**What to work on**
Please output, exactly and without pictures, the lines from the opening of the listing below through the line containing "Der riesige Algenhorizont", both included.

**Provided material**
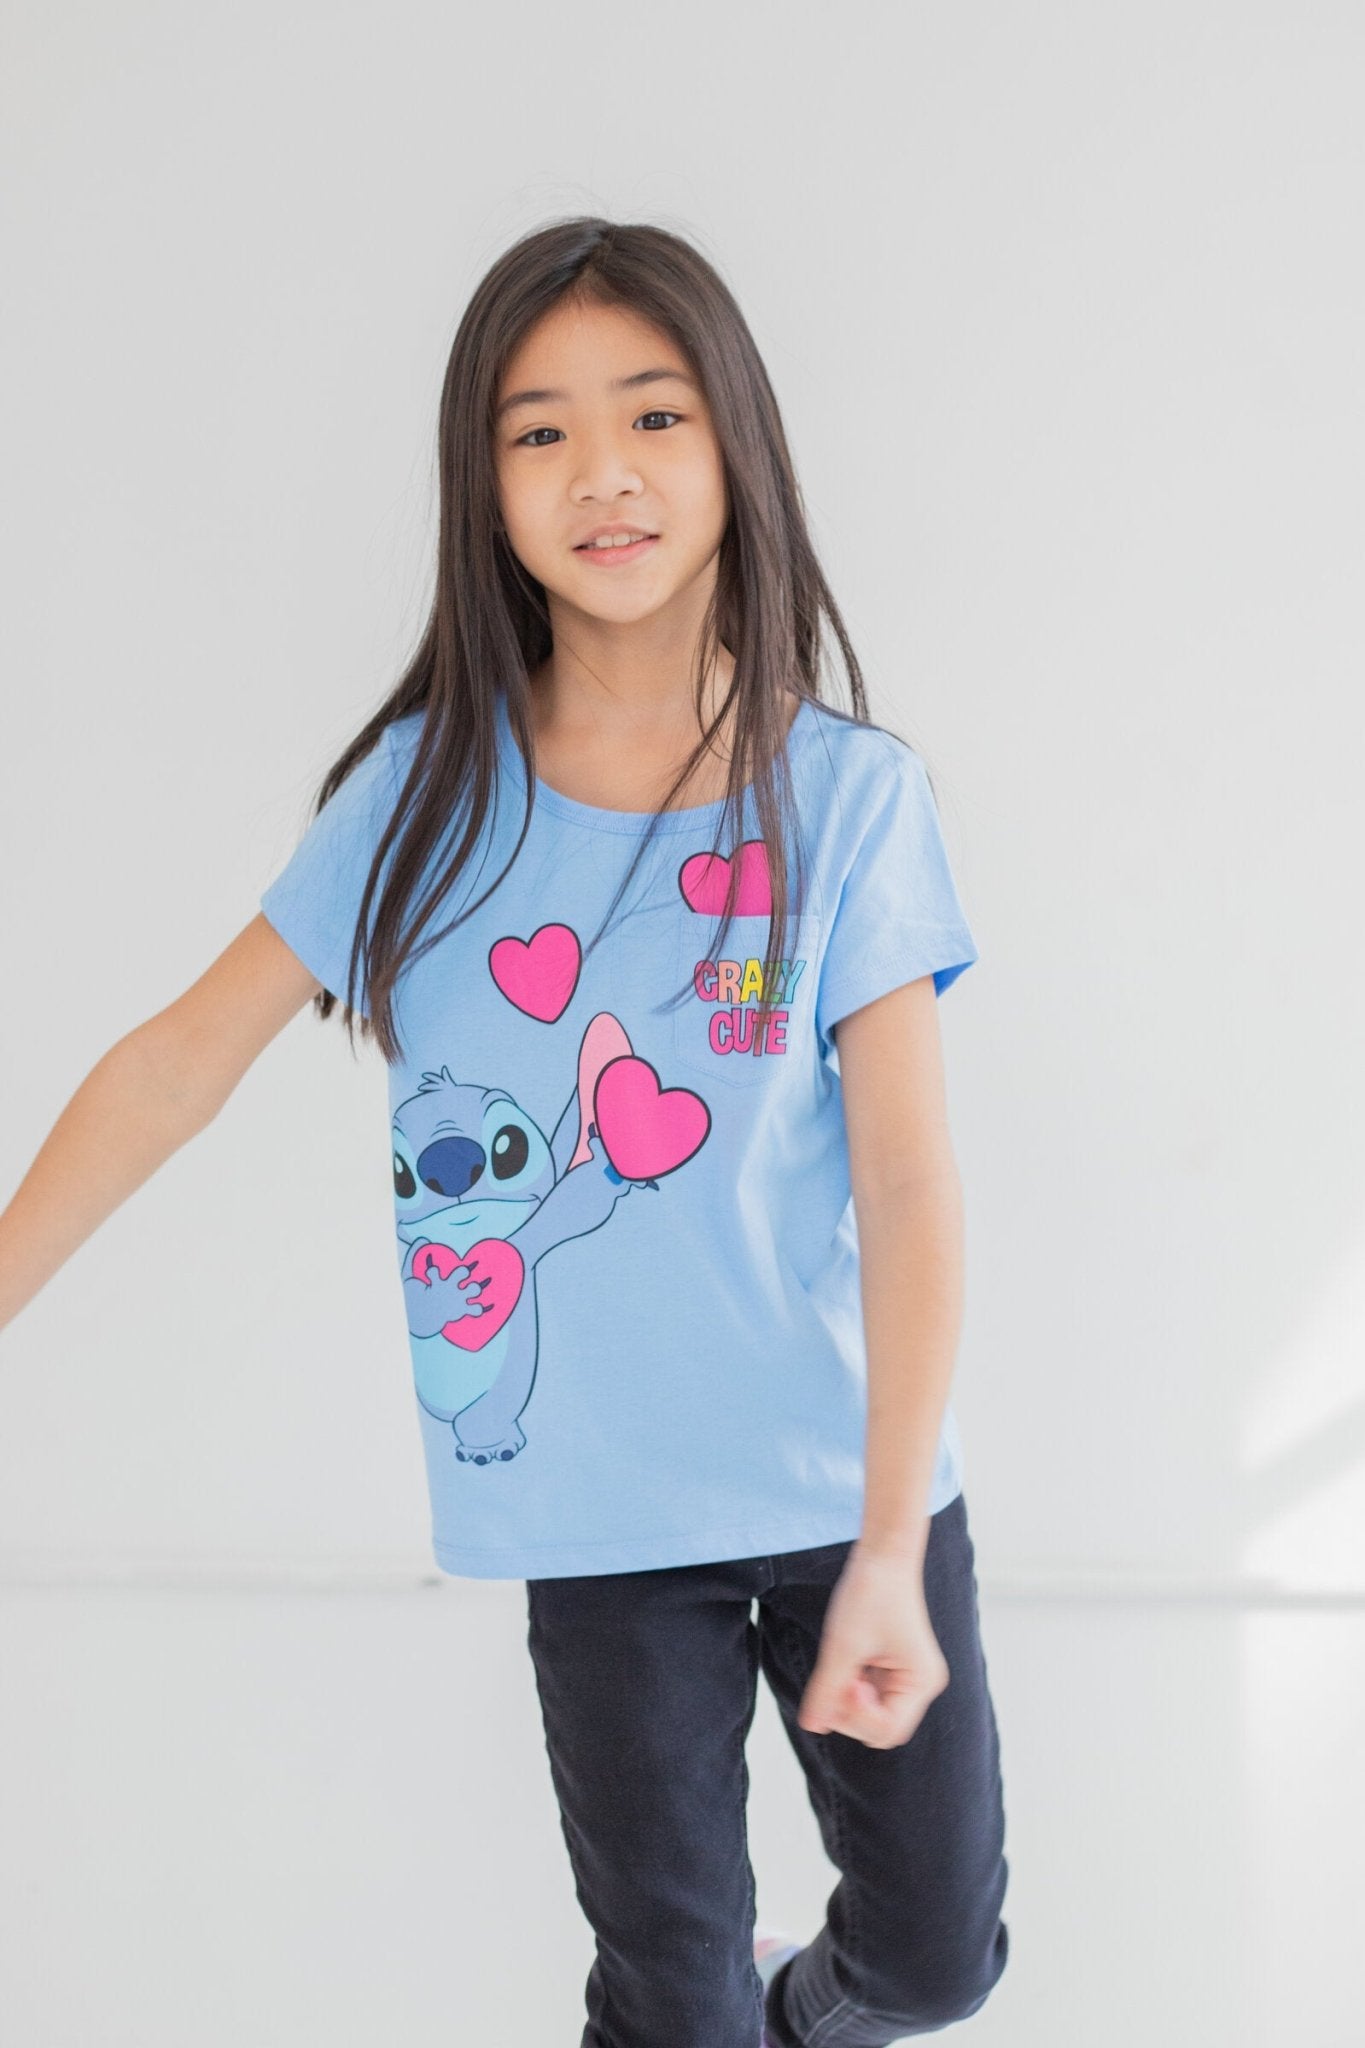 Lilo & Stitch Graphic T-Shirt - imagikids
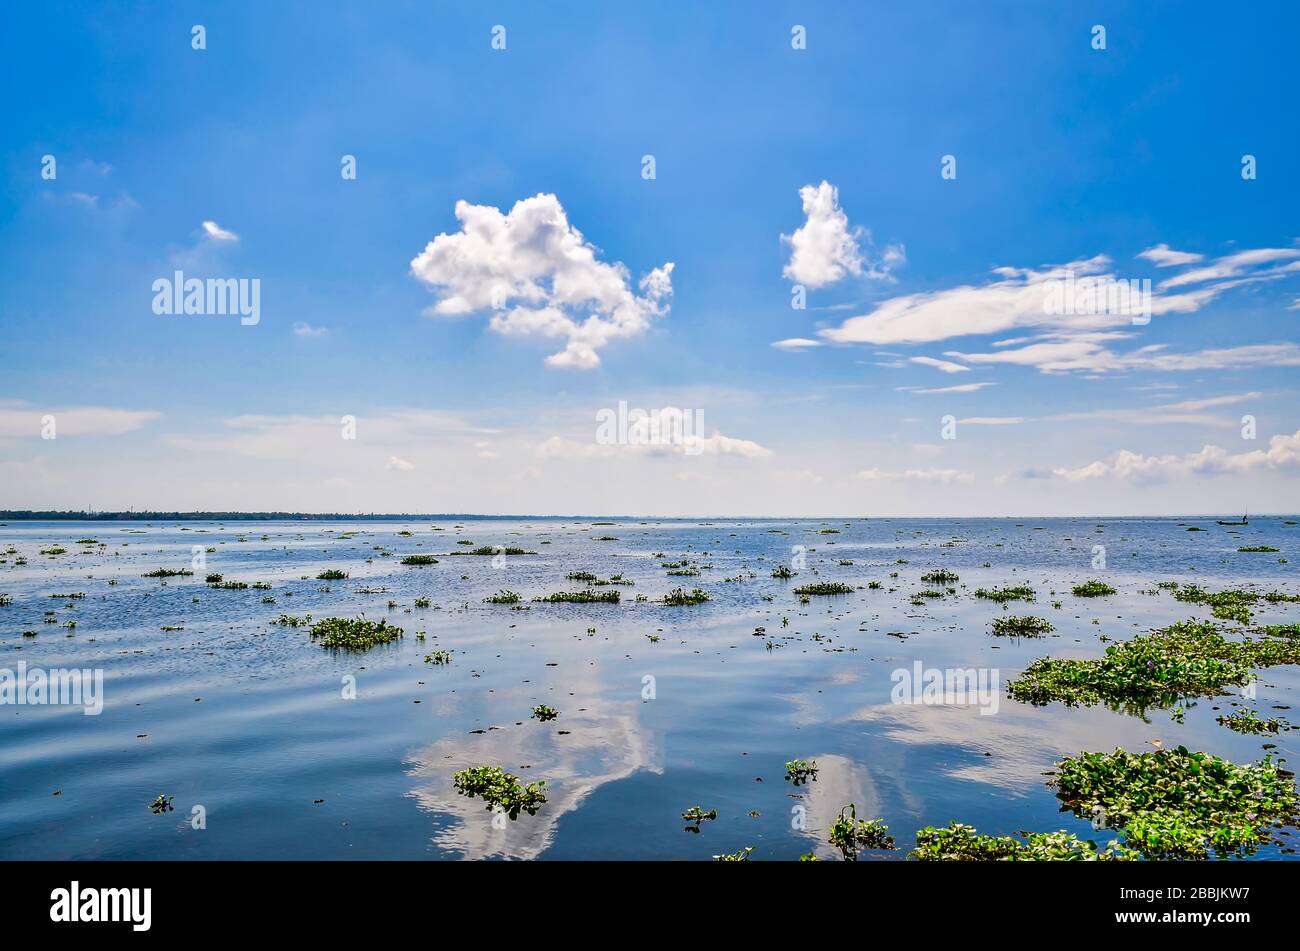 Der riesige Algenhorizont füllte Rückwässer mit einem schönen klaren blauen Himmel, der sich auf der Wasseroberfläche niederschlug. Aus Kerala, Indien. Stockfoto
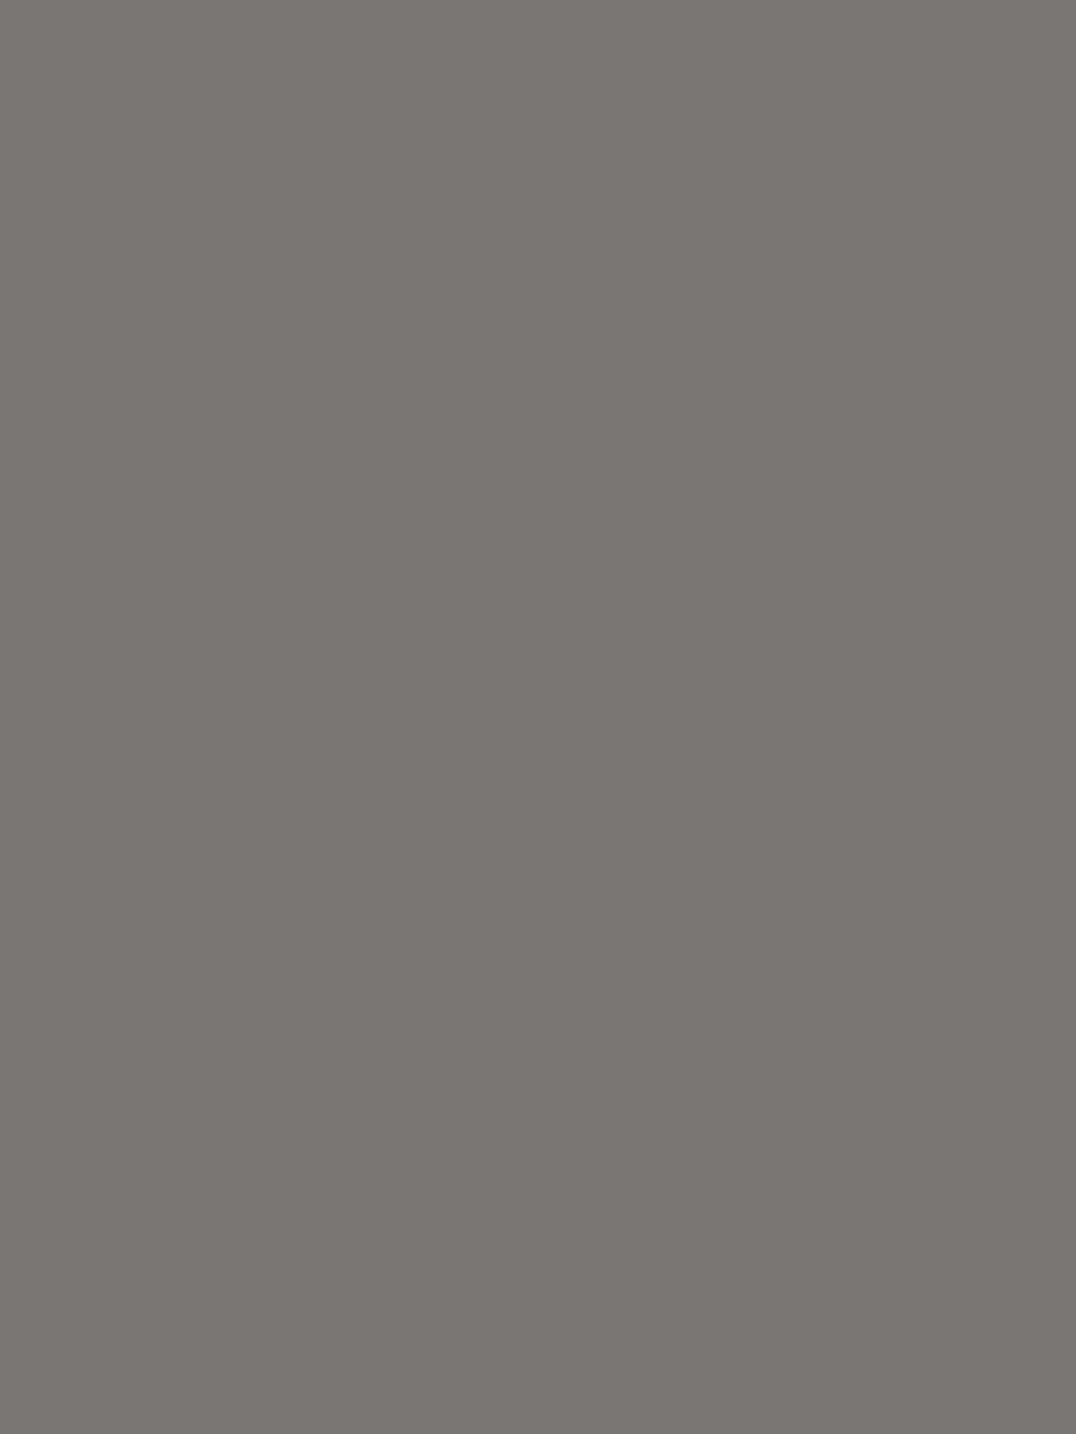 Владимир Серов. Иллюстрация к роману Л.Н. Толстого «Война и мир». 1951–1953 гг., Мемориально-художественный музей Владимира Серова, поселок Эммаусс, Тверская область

**Response to this exercise**
 Lilo & Stitch Graphic T-Shirt - imagikids
 Der riesige Algenhorizont füllte Rückwässer mit einem schönen klaren blauen Himmel, der sich auf der Wasseroberfläche niederschlug. Aus Kerala, Indien. Stockfoto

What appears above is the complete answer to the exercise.